* Exercise details *
Transcribe the listing below verbatim, omitting pictures.

* Supplied data *
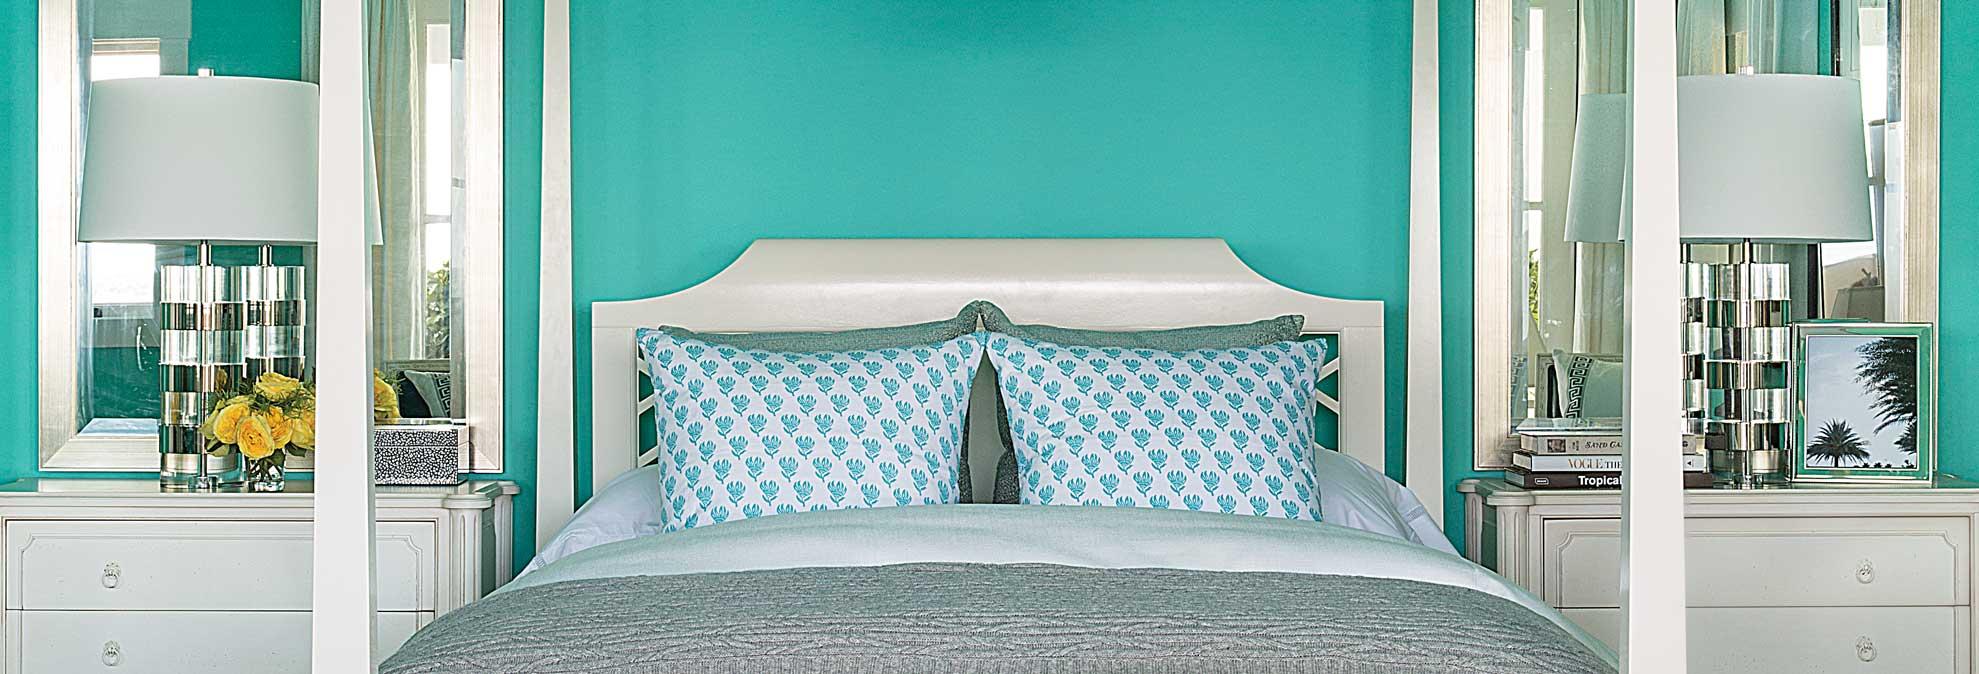 consumer reports best interior paint interior design. Black Bedroom Furniture Sets. Home Design Ideas
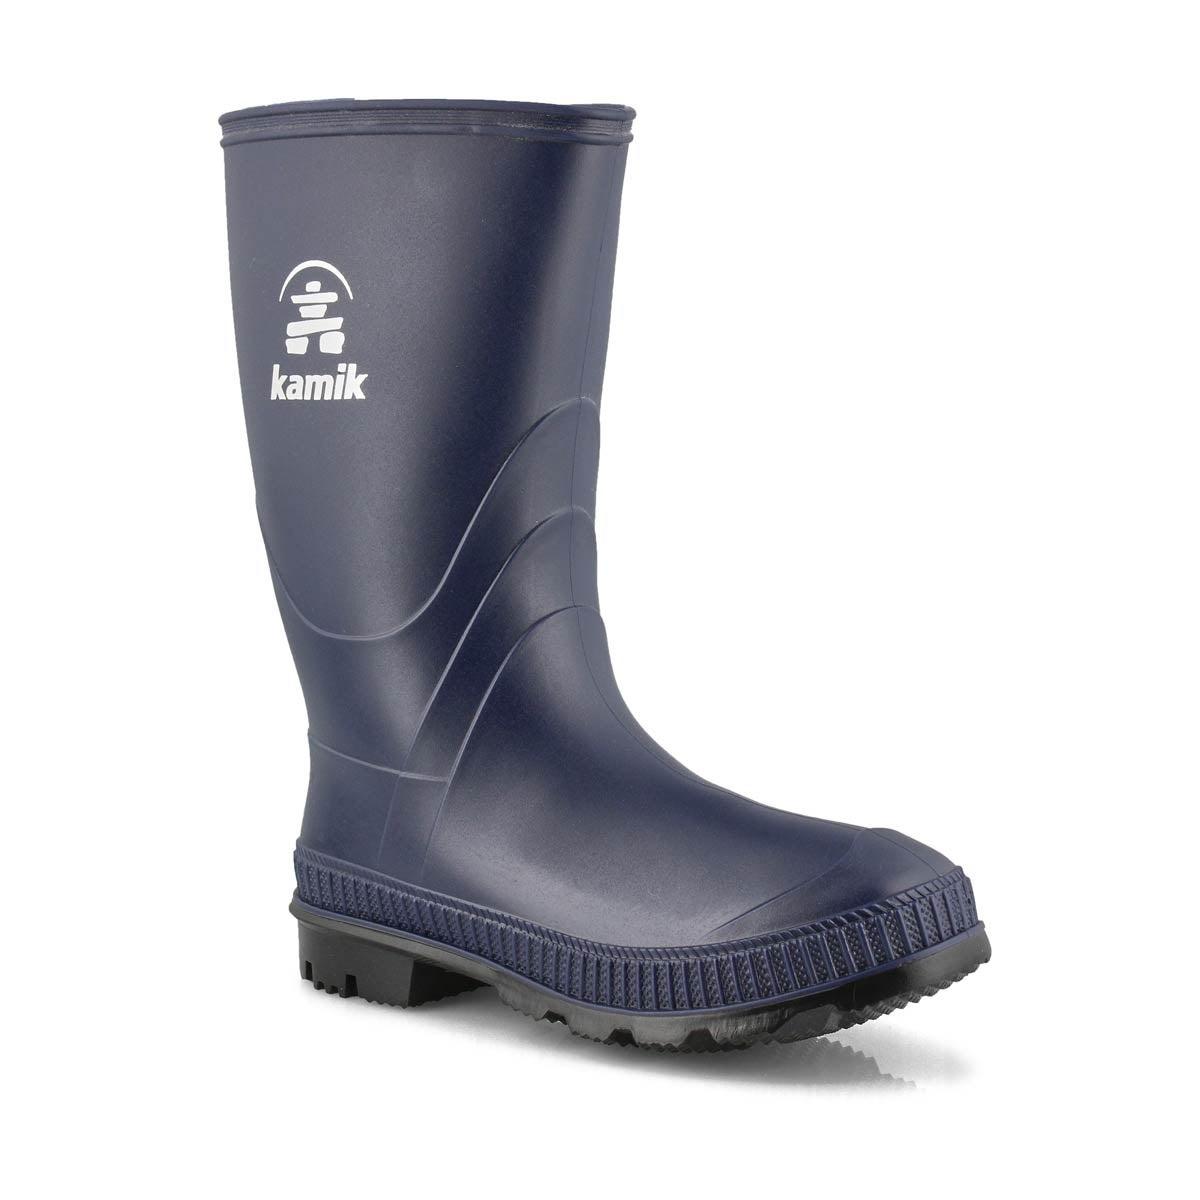 Boys' STOMP navy waterproof rain boots
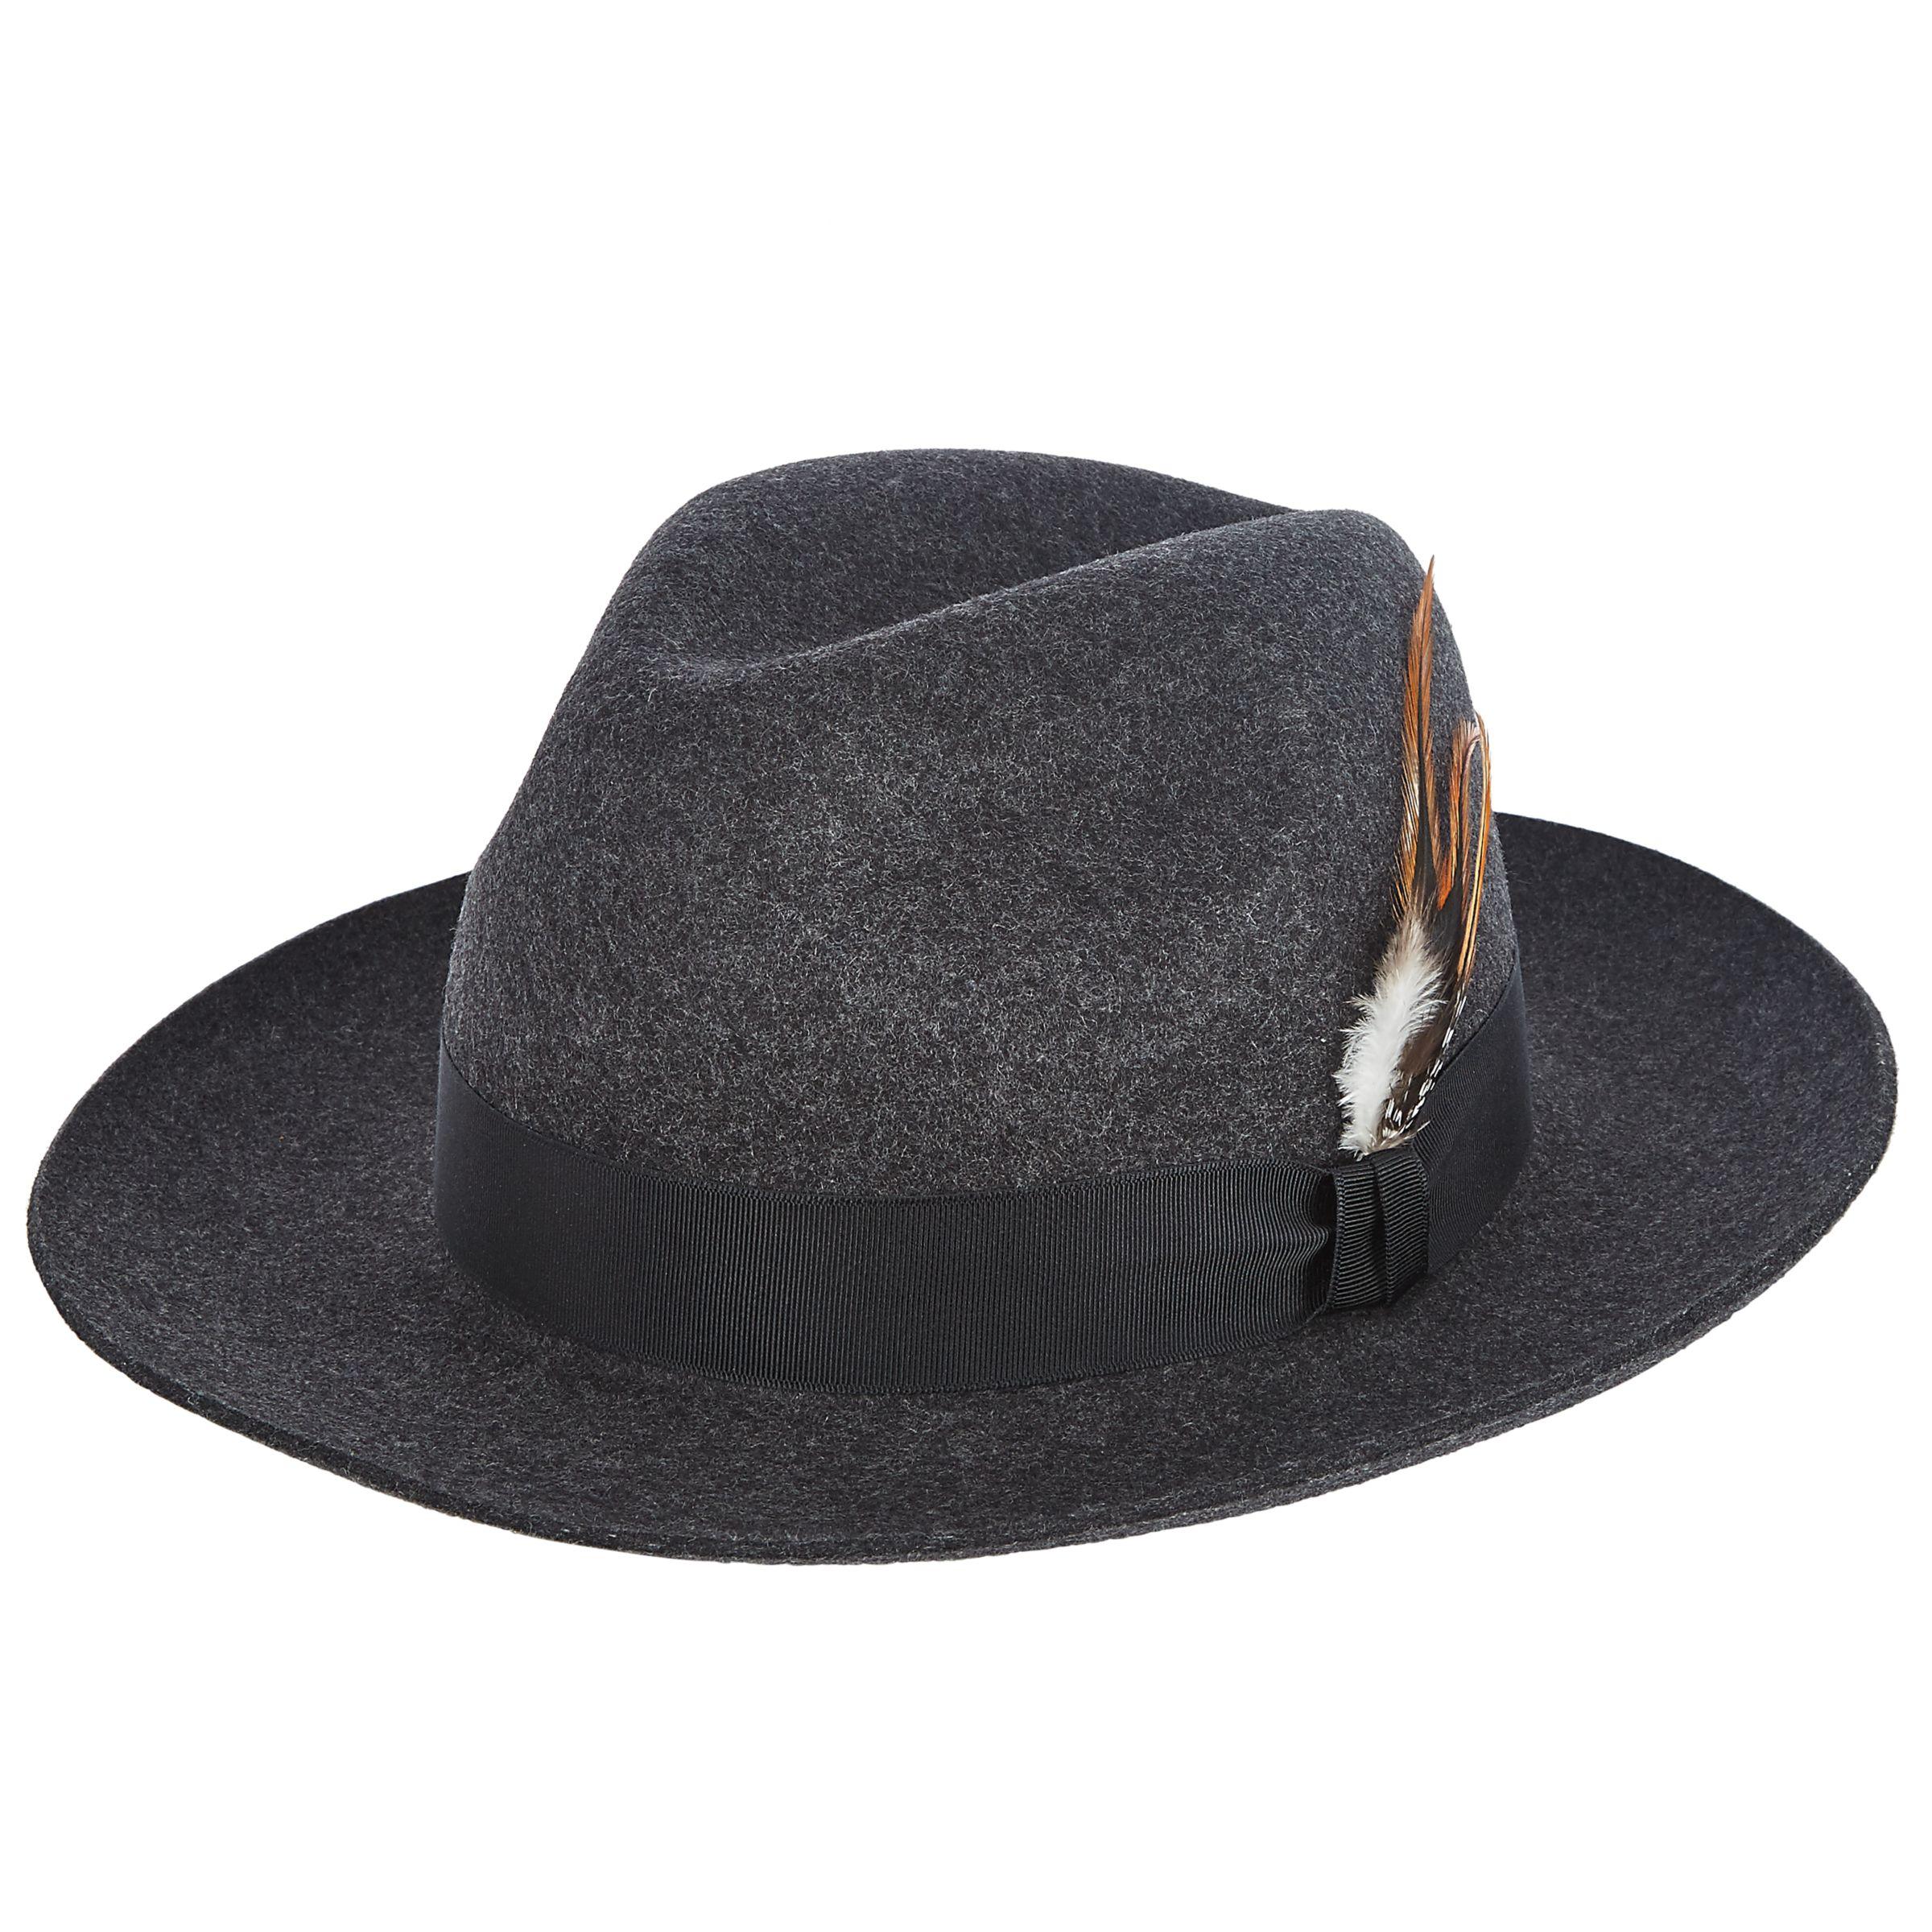 ddbea73245351 Christys  Grosvenor Fedora Hat

* Answer space *
 consumer reports best interior paint interior design. Black Bedroom Furniture Sets. Home Design Ideas
 Boys' STOMP navy waterproof rain boots
 ddbea73245351 Christys  Grosvenor Fedora Hat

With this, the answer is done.